In practice, there are two main issues. The first relates to the "low-level
guts" comment above, and is simply that the internal representation exposes
itself at too high a level to be entirely comfortable - specifically, at the
XS level, where most C functions do *not* expect UTF-8, so that XS interface
code has to deal with representation checking and conversion. It could be
argued that this issue is a failing in XS, which needs to be updated
(possibly just with new typemaps?) to make the representation changes
transparent. [Note - I'm not implying that this is necessarily easy...]
The second issue is that there is a significant body of code which treats a
Perl string as a "byte buffer" - sometimes inadvertantly. The obvious case
is where the address of a SV's string area (you know what I mean...) is
passed directly to a C-level function for the function to use or fill in.
Another case is where the Perl code receives a byte stream, say from a file
or socket - in this case, it is even possible (Graham's LDAP case) for
*part* of that byte stream to be a sequence of bytes encoding characters -
in UTF-8, Latin-1, Shift-JIS, or anything at all.
Um. I was just about to say that encoding is not an issue, as at this level
a "byte stream" is simply another encoding like UTF-8 (it's just limited to
chars < 256, with strings containing chars >= 256 being "not well formed").
But there's also the (orthogonal) character set issue - Latin-1 vs Shift-JIS
vs Unicode, vs EBCDIC, etc. It's orthogonal as (for example) Latin-1 can be
encoded in raw bytes, or UTF-8 (and the bit patterns differ!!!). There is an
issue in that raw bytes is too limited to encode all target character sets
(notably Unicode) - but there's also an issue in that converting Shift-JIS
to Latin-1 probably has a *lot* of unconvertable code points.
OK, so encoding issues are hard. But if we work entirely with "perl strings"
of characters (possibly >255) it's a user-level issue.
This effectively leaves us with a single internals problem, in two parts:
1. We need a pair of API calls, which say
a) Convert this block of bytes into a Perl string, stored here
b) Convert this Perl string into a block of bytes here.
In-place versions would probably be convenient, too (although a Perl
SV pointing to an unconverted block of bytes should NEVER be allowed
to escape "into the wild"). Also, error handling needs to be well
defined for case (b) (in case the string contains characters >255).
2. Code needs to use these APIs exclusively.
Of course, (2) is the problem. But this is a bit like the threading issue of
which modules are thread-safe. Ultimately, we can't influence the
Unicode-safety of modules, all we can do is build (and document) APIs which
allow people to write Unicode-safe modules, and then hope... (It helps if we
make using the safe APIs easier than not doing so, of course :-)

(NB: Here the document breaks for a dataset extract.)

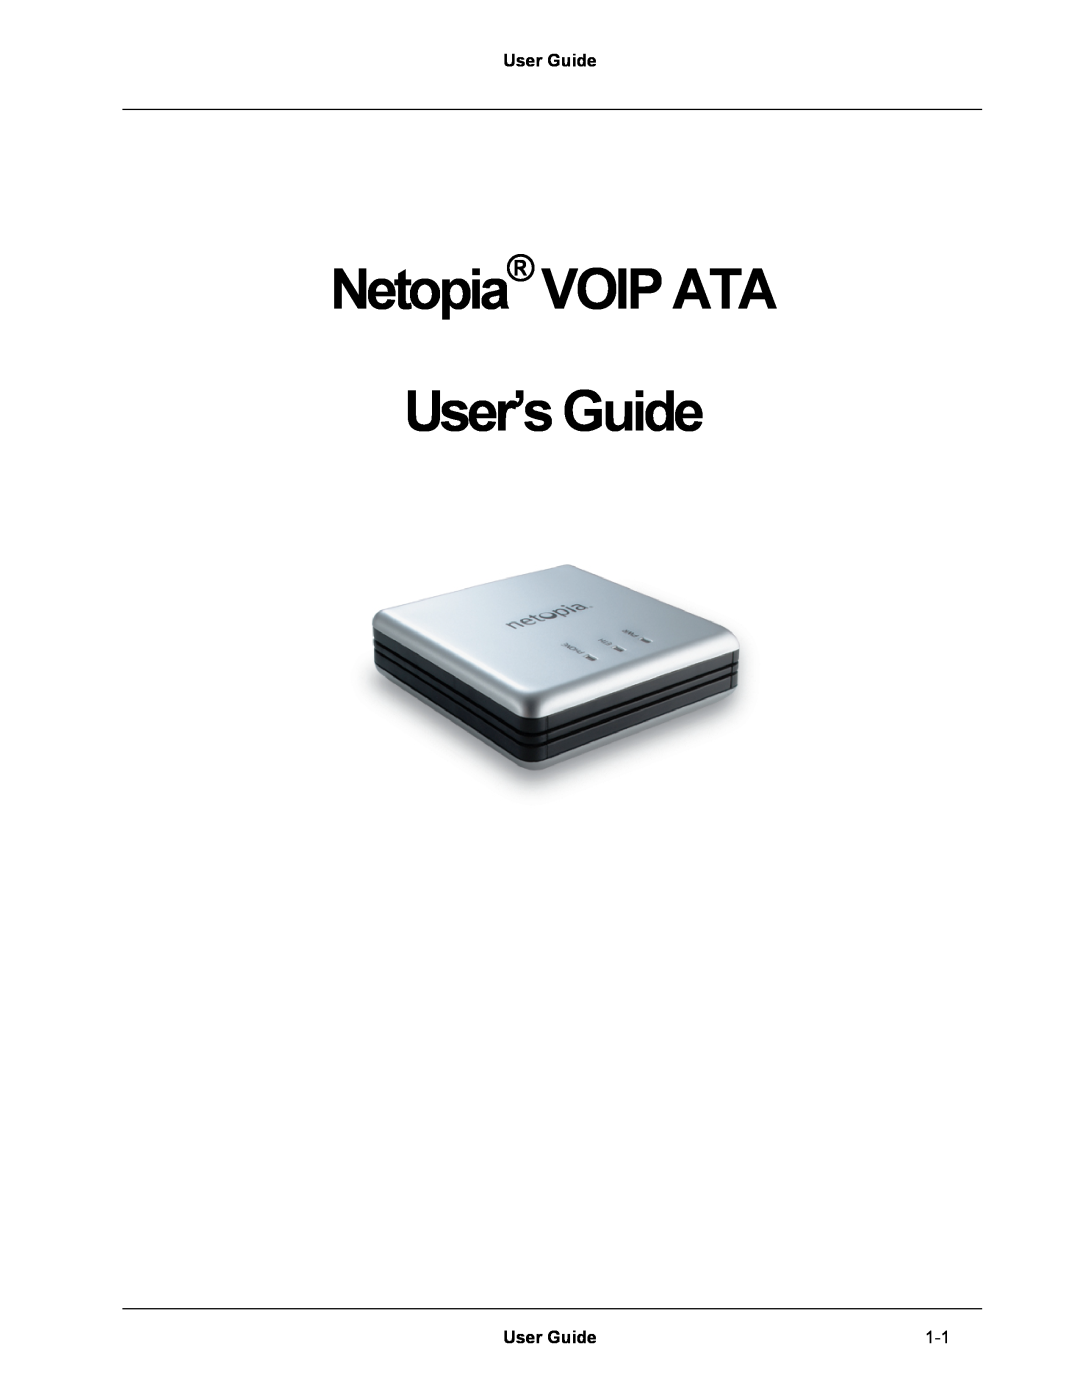 Netopia Network Adapater manual Netopia VOIP ATA User’sGuide, User Guide

BTW, the pair of API calls in (1) will be heavily used, and so should be
optimised as much as possible. Having a UTF-8 vs Byte flag in Perl's SVs is
one way of doing this. To some extent, this is where we are already, but we
seem to be too aware of this entirely internal optimisation at the moment.
This is just my uninformed opinion (I have no experience whatsoever with
i18n issues or Unicode). I'm offering it as an "innocent bystander's" view -
a couple of recent comments have made me think that maybe my idiot-level
understanding isn't too far off base, and we may have a case of people being
too close to the problem. If so, and my comments help, I'm glad. Otherwise
feel free to ignore this posting totally.
Thanks for your time,